Почему же ты не сделал по-другому, спросила я снова, ведь можно было и по-другому, надо было только сказать, как это – по-другому! Такого не бывает, сказал он, чтобы семья жила по-другому. Семья – структура консервативная, если ты ее признаешь, тогда должен признавать и обязанности, связанные с ней, и я их признавал, сказал он. По-другому детей воспитывать невозможно. Модернизм – это только в искусстве. В семье не бывает экспериментов с формой, дескать, я сейчас все разберу, поверчу составные части так и этак – и соберу их в новую структуру, как какой-нибудь художник-кубист – цветочную вазу, которую потом невозможно узнать, но она тем и замечательна, что совсем другая. Семья тем и хороша, что она точно такая же, как другие семьи. По-другому невозможно, а тогда и принятие данных конвенций не означает очень уж большой трудности, ведь конвенции отражают жизнь, они – не пустая формальность. В дни рождения или в какие-то общие праздники самое главное – радость детей, но к сегодняшнему дню эта радость уже выветрилась, остались конвенции, полностью опустевшие, а та картина будущего, которую предполагает сохранение конвенций, для меня неприемлема, сказал он. В этом смысле я не стою так близко к биологическому бытию, чтобы, как стареющий самец, ждать, рядом с самкой, пока мои дети сотворят собственных детей, а когда это будет сделано, то, отыграв роль, которую называют ролью дедушек и бабушек, и оставив после себя хорошие воспоминания, умереть.
Он почему-то не замечал: именно тем, что, собрав последние силы, хочет выйти на поле боя, где происходит борьба самцов, он как раз и доказывает, насколько держат его в плену возрастные критерии. Он хотел сразиться с новыми возрастными группами, и тщетно кто-нибудь попытался бы сказать ему, дескать, ты же себя выставляешь на смех, у тебя за спиной люди перешептываются, смотрите, мол, волосы крашеные, вставная челюсть, молодые самки обращаются к тебе на «вы». Нет, он во что бы то ни стало хотел сразиться. И конечно, тут-то она и появилась, та женщина.

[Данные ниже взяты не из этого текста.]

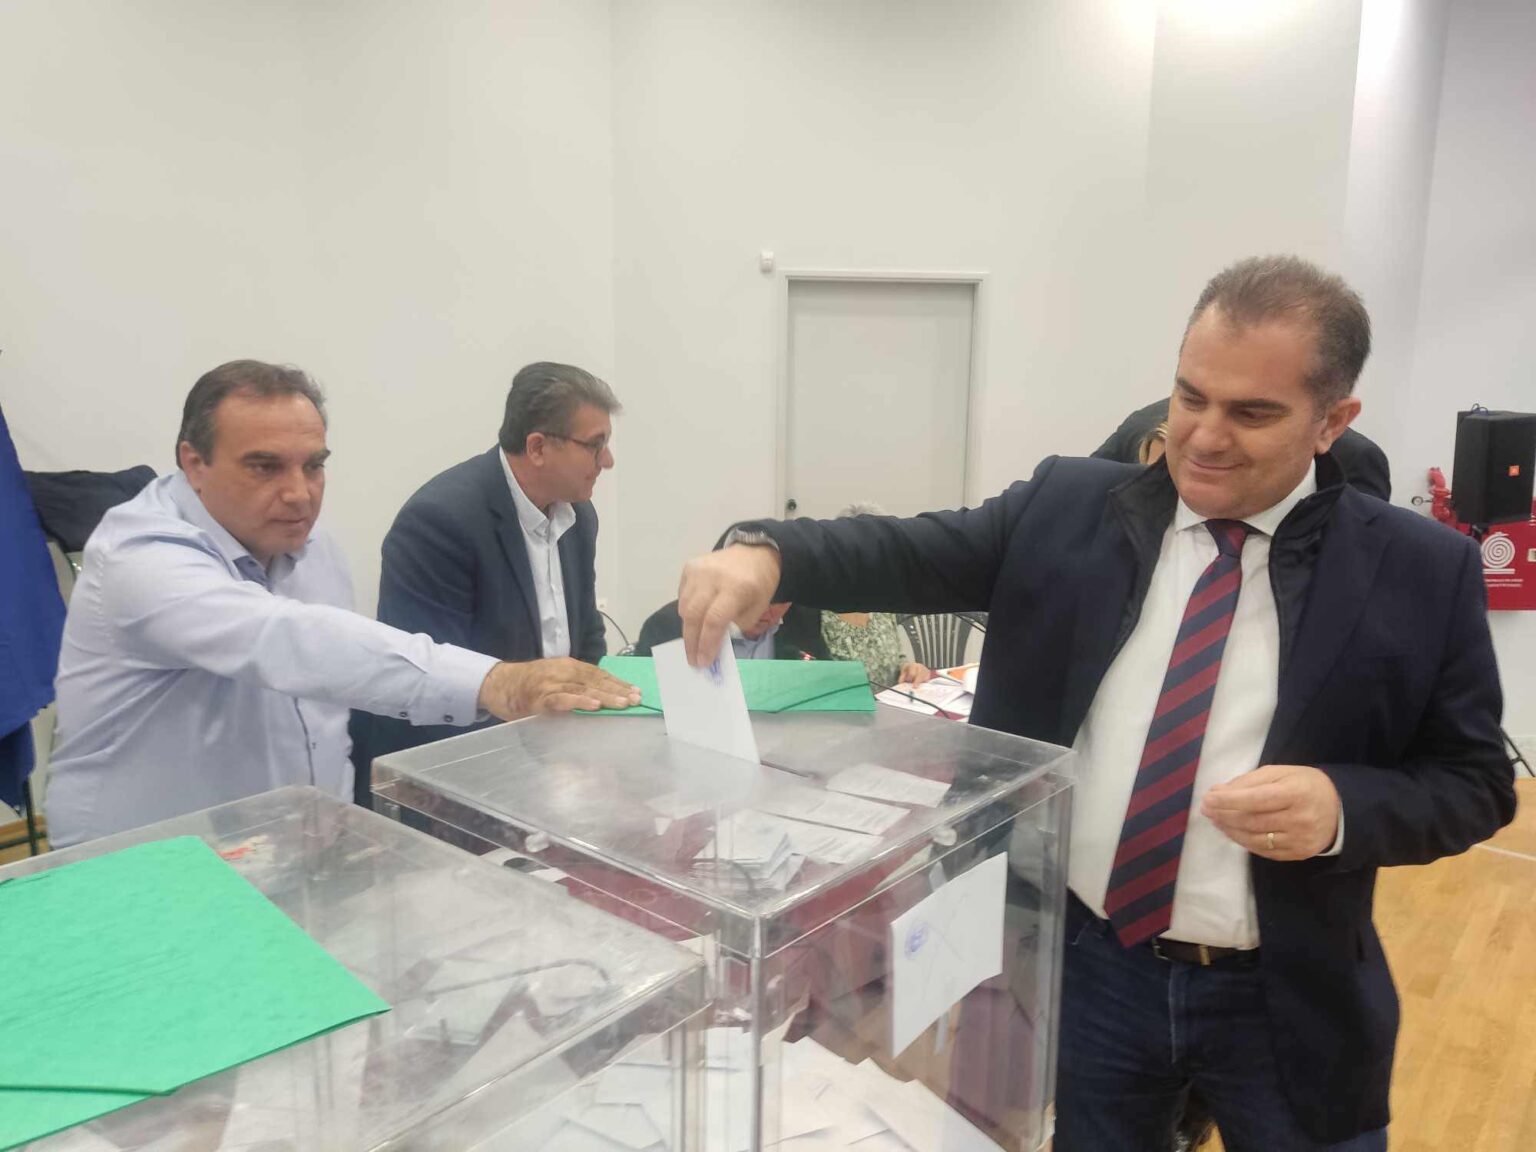 Ο Θανάσης Βασιλόπουλος νέος πρόεδρος της Περιφερειακής Ένωσης Δήμων Πελοποννήσου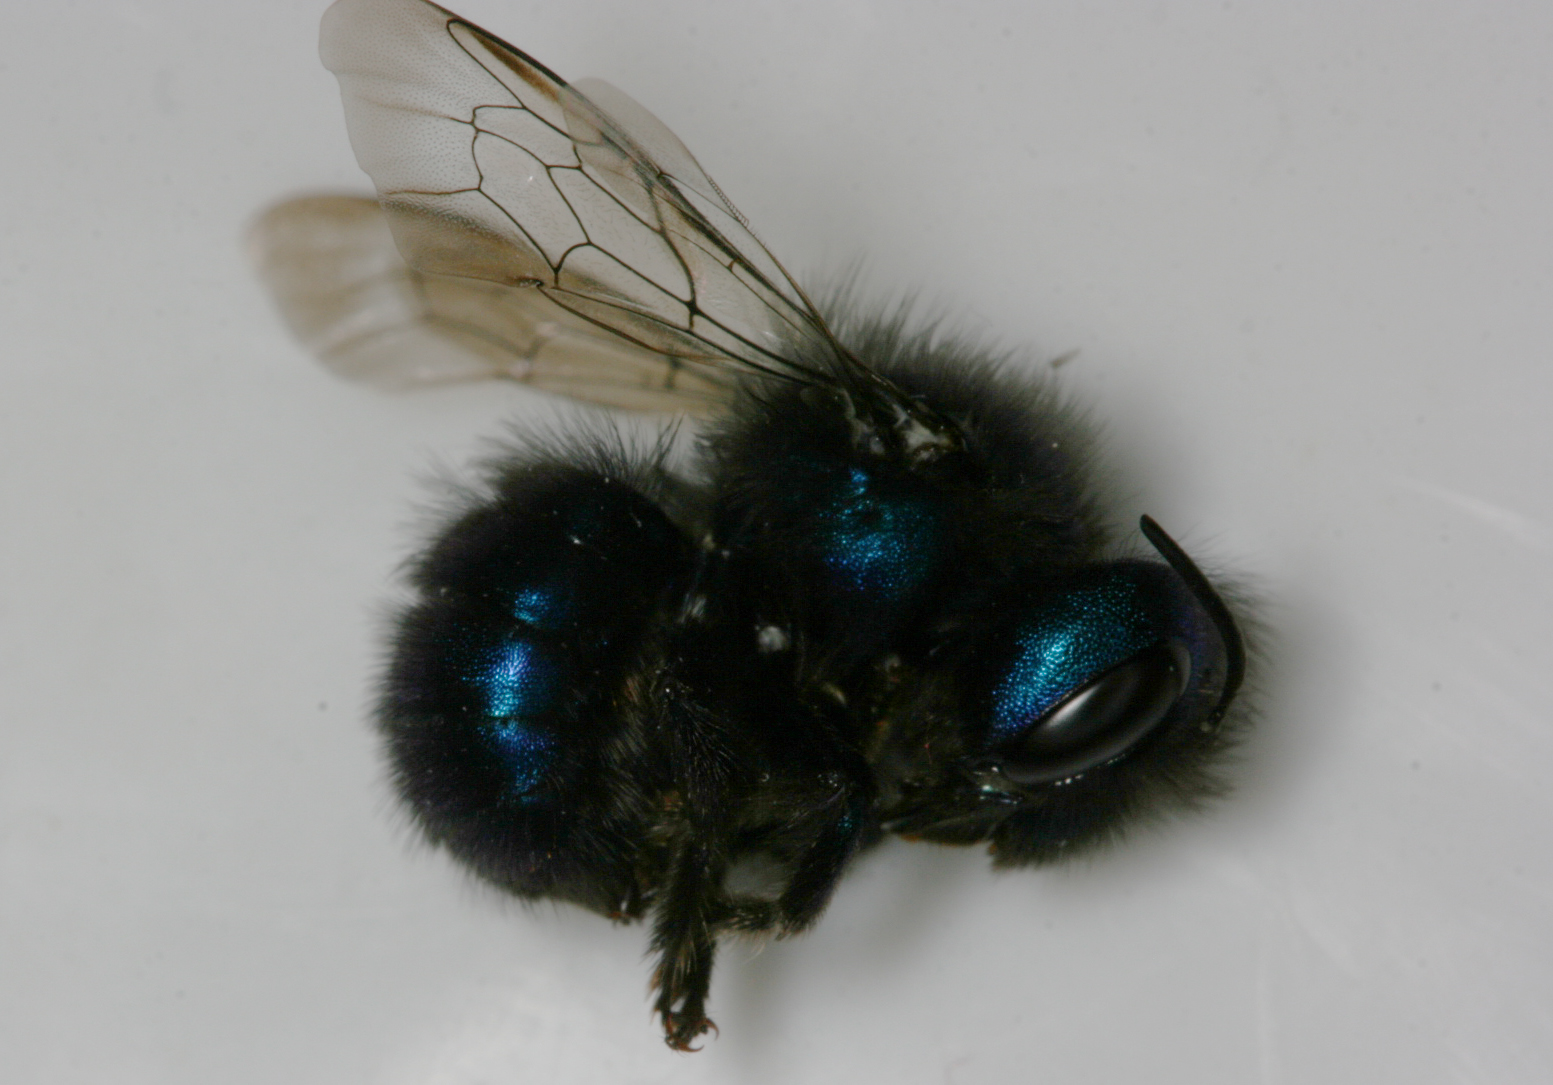 Osmia, a species of mason bee

Потому что женщина находится всегда, женщина, которая в конце концов разрушит тот уклад, в котором человек жил до сих пор. Женщина, которая в те годы, годы неопределенности, когда стареющий лев еще не готов забиться в логово под скалой, чтобы спрятать свою облезающую гриву и слезящиеся глаза, а ходит, гордо выпятив грудь, и раздает дурацкие советы молодым самцам. Женщина, которая в эти годы, годы неопределенности, заставляет мужчину, находящегося в состоянии опасной самонадеянности и самообмана, касающегося всего: и физической силы, и внешности, и духовной энергии, выбраться оттуда, где он находился и где был на месте. Женщина, которая говорит ему: милый, ты же – царь Африки, а живешь в пустоте, у тебя огромное царство, бесчисленные подданные, дворцы, армия, говорит она, надо лишь оглядеться, надо лишь открыть глаза пошире, чтобы сказочное это царство появилось перед тобой. И он, забыв обо всем, слушает эту женщину, ее лицемерные слова. Он думает: да, любовь поможет ему выйти из пустоты, встряхнуться, перестать отказываться от всего, что есть в жизни хорошего. Так что для него сейчас это главное – найти ту, ради которой он готов решительно изменить свою жизнь, благодаря которой мир снова станет для него родным домом, мир, где он до сих пор странствовал, как заблудившийся путник. Найти ту, с появлением которой вновь наполнится чувствами, красками все вокруг, например и его сердце…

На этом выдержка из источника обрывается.